The Dabhol power plant, the Centre's most prestigious business rescue mission, has been languishing for almost nine months now. But it took ICICI Bank MD Chanda Kochhar's warning to shake the power and oil ministries out of their stupor.
Earlier Kochhar wrote to power minister Jyotiraditya Scindia to warn that Rs 8,500-crore loan to the Dabhol project could turn sour for lenders as the plant was running at merely 3% of its capacity and unable to pay installments.
After Kochhar's letter, the power ministry asked the oil ministry to give the Dabhol project top priority at par with fertilizer sector and allot gas from new sources available in 2013-14. The power ministry has sought more than a million cubic metres a day (mcmd).
In its communication to the oil ministry, the power ministry has admitted that Dabhol's entire 1,967MW capacity has been stranded in the absence of domestic gas supply. The project is also unable to recover its fixed costs by running the plants on costlier imported fuel since this pushes up the price of electricity which consumers are unwilling to buy.
Dabhol was created after taking over Enron's mothballed plants and an adjacent gas shipping port after the US energy major went bust in 2001. It is now owned by Ratnagiri Gas and Power Projects Ltd, a joint venture of state-run gas utility GAIL and power generation major NTPC.

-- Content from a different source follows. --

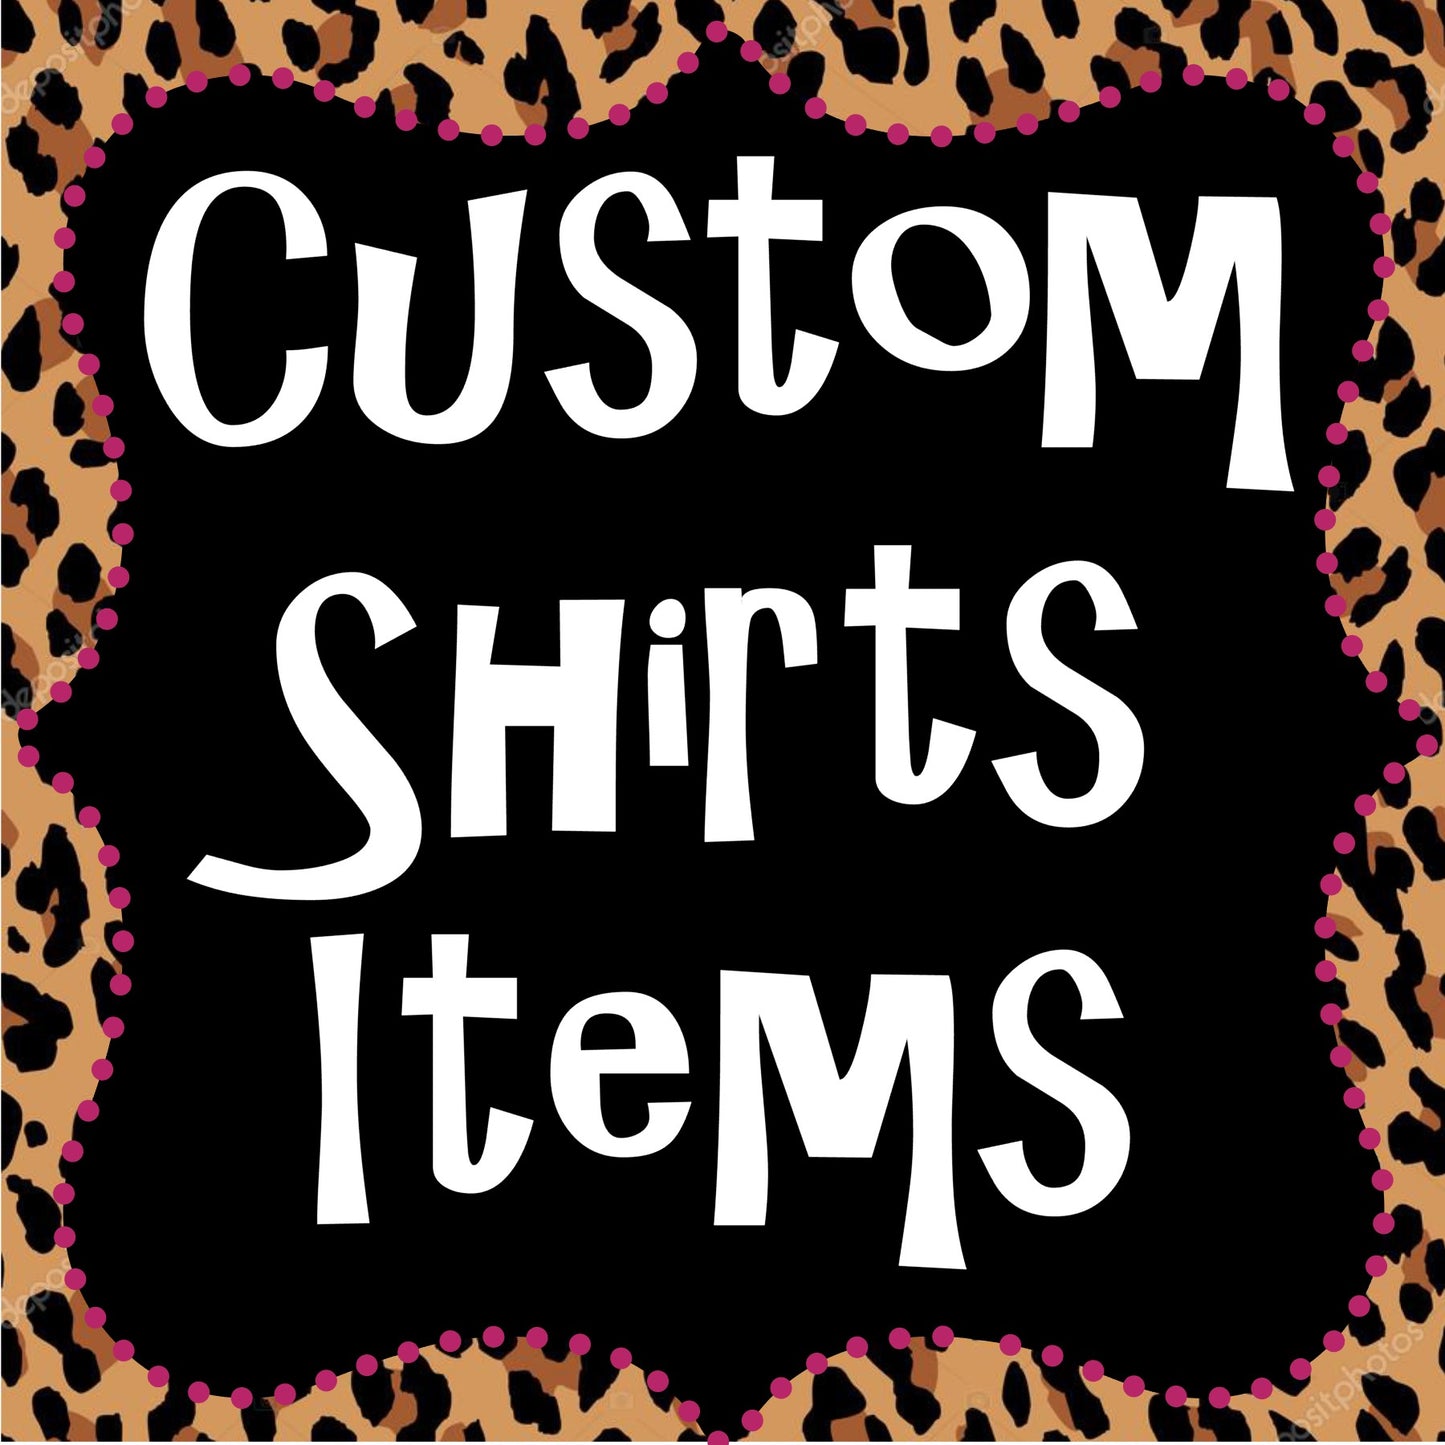 Custom Shirt or Item

The project has to run at a minimum 85% capacity to be able to pay installments. This requires about 6.5 mcmd of gas. But the supply to the plant dwindled to 0.6 mcmd, or 7% of its allocation, before coming to a grinding halt from March 1 after the government refused to give power sector equal priority with fertilizer industry in allocation of domestic gas.
Industry sources said it was important to keep Dabhol spinning since any default by the project would have a severe impact on the banking industry and make a dent deeper than the outstanding loan.
Lenders already sacrificed about Rs 2,500 crore at the time of asset takeover and also addressed the need for Rs 1,220 crore as completion cost at the time of restructuring in 2009.
Dabhol's case is a pointer to the crisis gripping the gas-fired power industry. LNG, or gas imported in ships, cannot be used as an alternative since it costs nearly three times that of domestic fuel and pushes up power tariffs. State utilities refuse to buy power at higher tariffs for fear of evoking public ire. As a result, most of the old gas-fired plants aggregating over 18,000MW capacity are running at less than 30% of their capacity.
The power ministry reckons Rs 40,000 crore invested in new gas-fired power plants with an installed capacity of 4,904MW are at risk of turning into non-performing assets (NPAs) due to non-availability of domestic gas, primarily due to low production from the Reliance-operated Andhra offshore field. These plants were set up after Reliance projected a production of 80 mcmd of gas. The plants have been rendered idle as production has fallen to 10 mcmd after briefly hitting a peak of about 69 mcmd in March, 2010.